Parsons is an engineering and technology-driven government and infrastructure services contractor that combines systems integration, program management, design engineering and product development across national security and critical infrastructure markets. In FY2024 it generated roughly $6.8B of revenue with $605M of Adjusted EBITDA and two reportable segments: Federal Solutions (59% of revenue; 69% of Adjusted EBITDA) and Critical Infrastructure (41% of revenue; 31% of Adjusted EBITDA). The firm emphasizes lifecycle solutions, AI/ML, cyber, space/defense, digital twins and targeted acquisitions (e.g., BlackSignal, BCC) and reported a backlog near $8.9B (c. $5.9B funded, $3.0B unfunded). Key operational dependencies and risks include U.S. procurement rules (FAR/DFARS/CAS), cybersecurity requirements (CMMC), ITAR/EAR export controls, and seasonality tied to federal and state fiscal cycles.
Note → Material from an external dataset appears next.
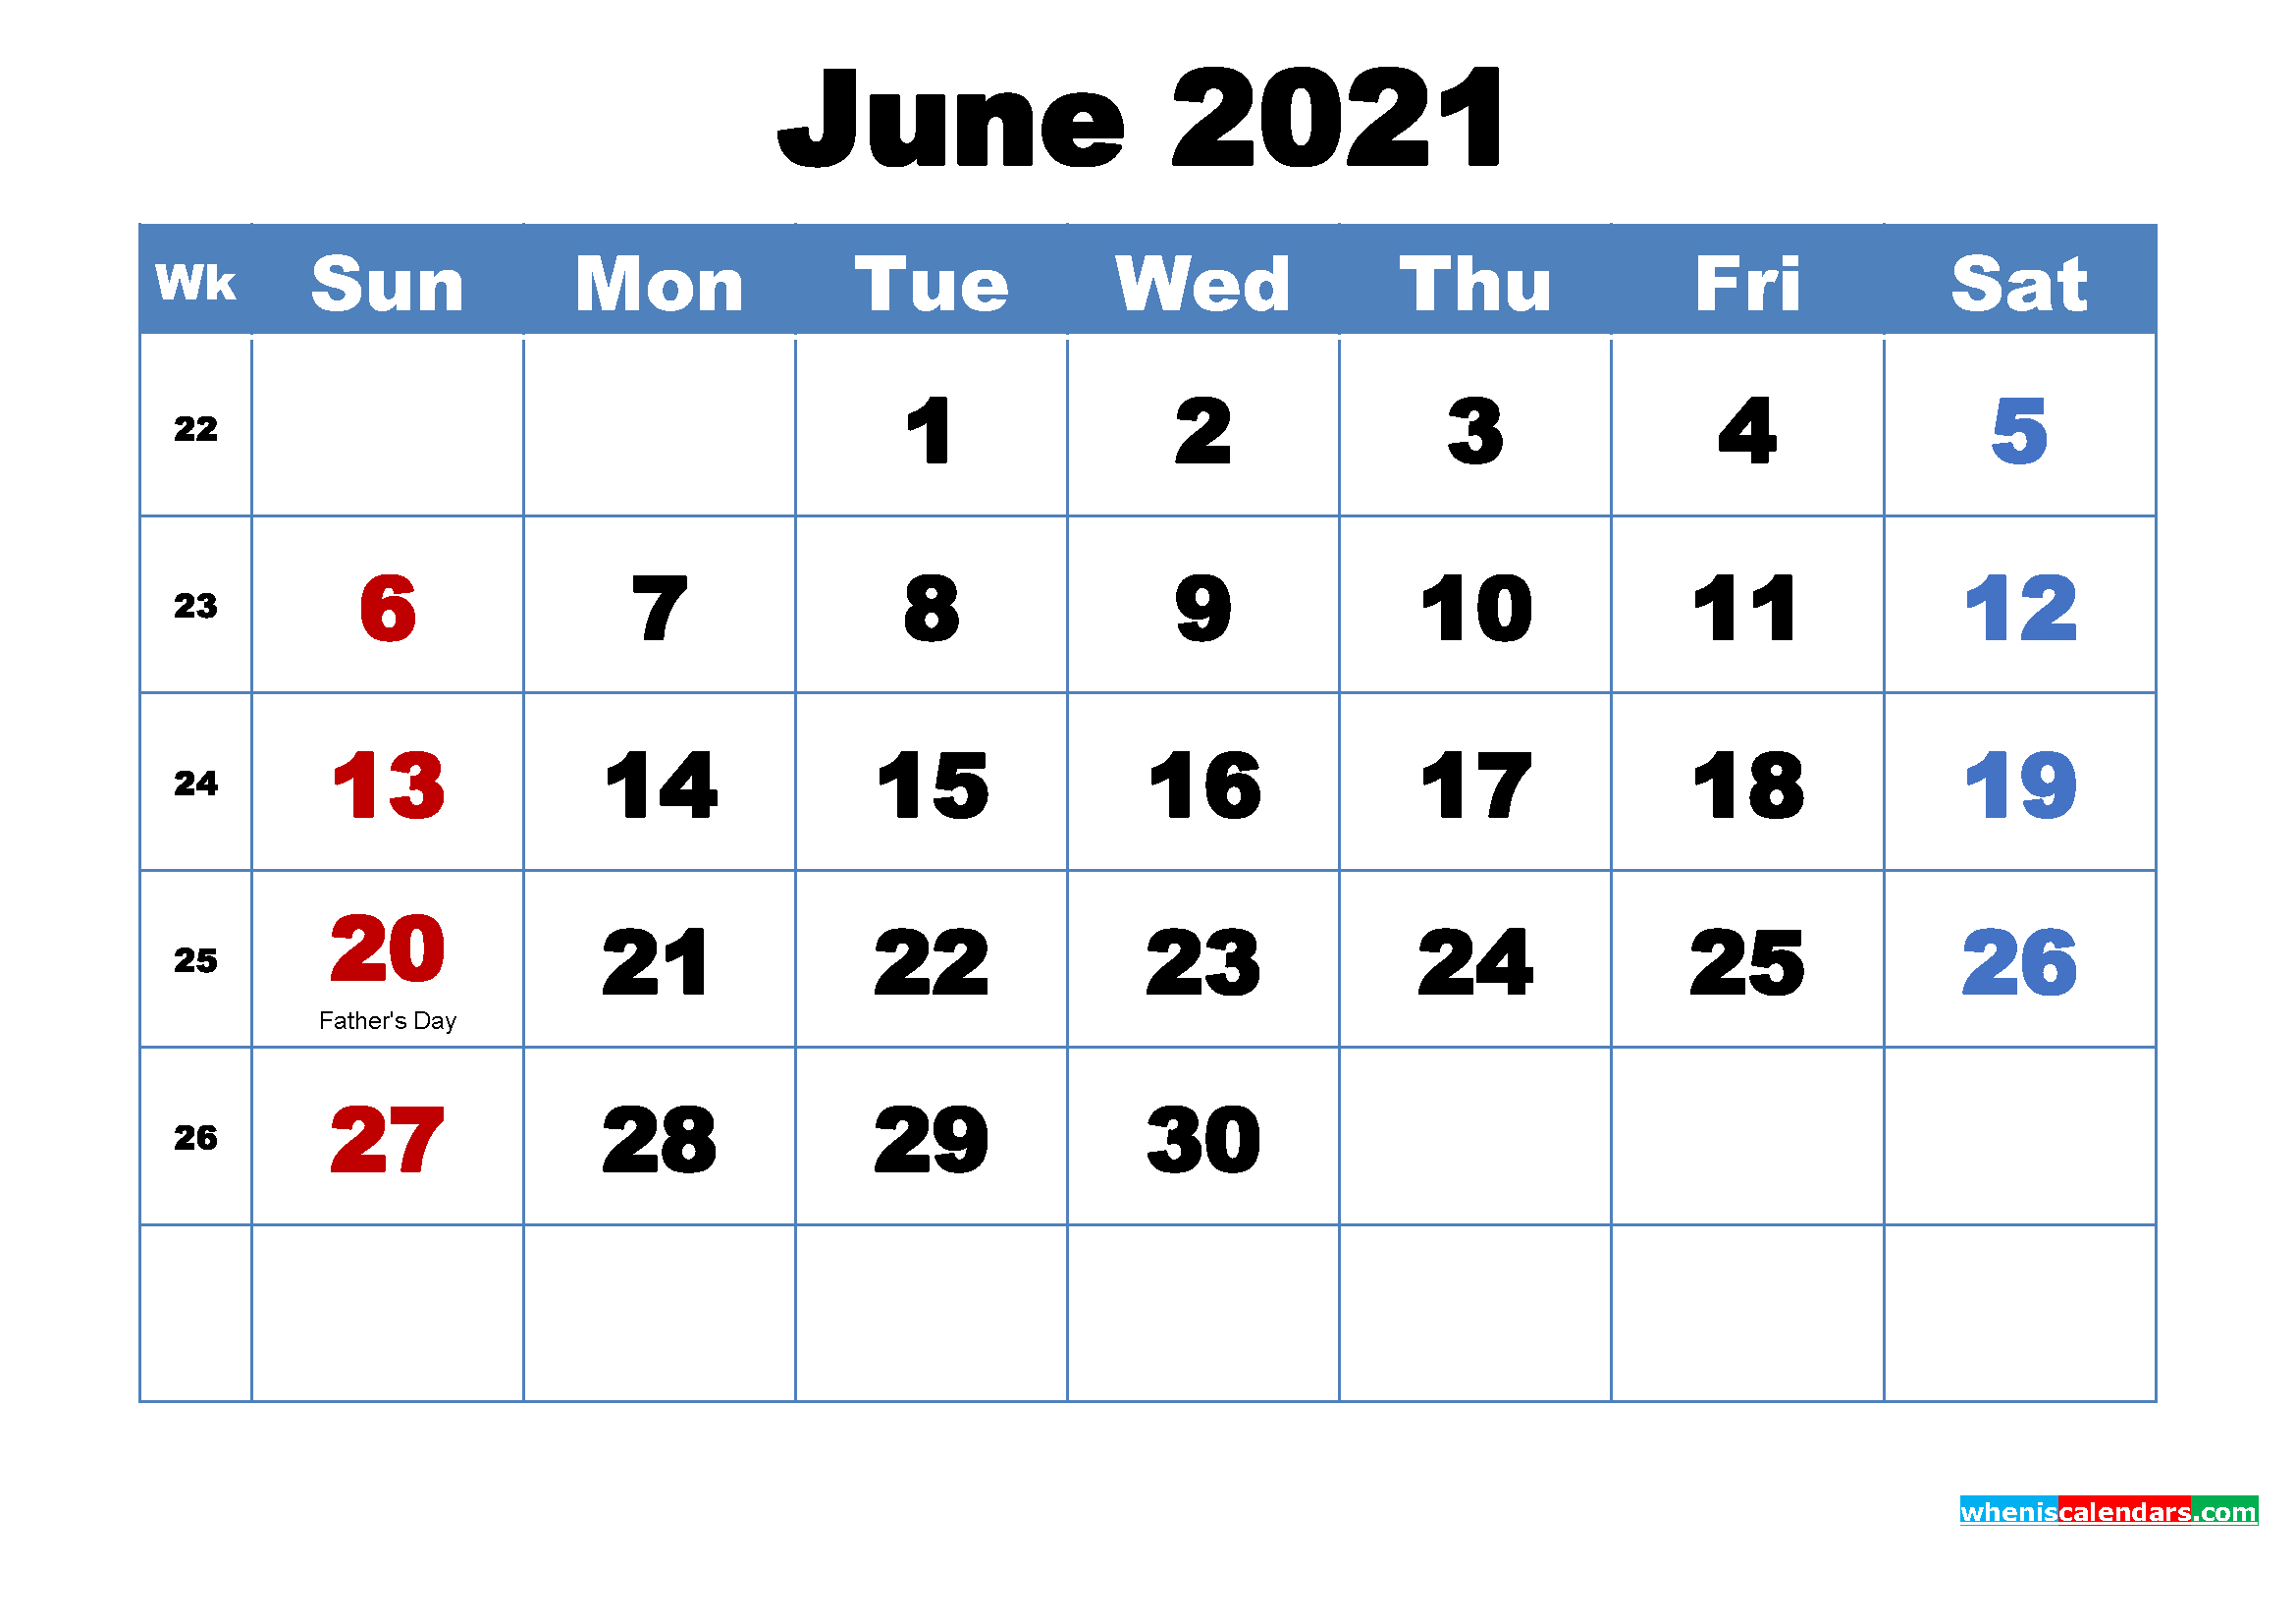 June 2021 Calendar Wallpaper Free Download-June 2021 Calendar Printable

Compensation at Parsons is likely calibrated to both cash and performance metrics tied to government contracting dynamics — e.g., revenue recognized from funded backlog, Adjusted EBITDA margins, operating cash flow and successful contract awards/re-competes — with additional emphasis on integration of acquisitions and working-capital management. As a cleared government contractor that relies on technical talent, the company uses retention levers such as ESOP participation, long-term equity awards, a dual technical career path and targeted retention/bonus programs for cleared personnel and key engineers. Given recent activity (M&A, convertible-note financing and an active share-repurchase program), pay packages probably balance base salary, annual incentives linked to adjusted financial metrics, and long-term equity/PSUs that vest on multi-year performance and retention to limit turnover and dilution. Regulatory constraints matter: FAR/DFARS allowability rules and executive-compensation caps for government contractors, plus disclosure and clawback policies tied to financial restatements or contract noncompliance, can materially shape incentive design.
Insider trading patterns at Parsons are likely driven by the timing of material contract awards, backlog recognition, large program ramp-ups or terminations (e.g., the recent confidential contract close-out), and material M&A or financing events (convertible note transactions, term loan/revolver replacements). Because much of Parsons’ value sits in funded backlog conversion and award timing, insider buys after large wins or accretive acquisitions can signal management confidence, while insider sales may reflect diversification, ESOP liquidity events or reactions to financing/dilution risks. Trading is also constrained by typical blackout windows around quarterly/annual results and additional pre-clearance requirements given classified/cleared work; executives must be especially careful about material non‑public information tied to procurement, CMMC/ITAR matters or contract close-outs. For traders and researchers, watch insider activity clustered around award announcements, acquisition closes, and debt-equity events, and check for 10b5‑1 plans or disclosures that clarify whether trades were pre-planned.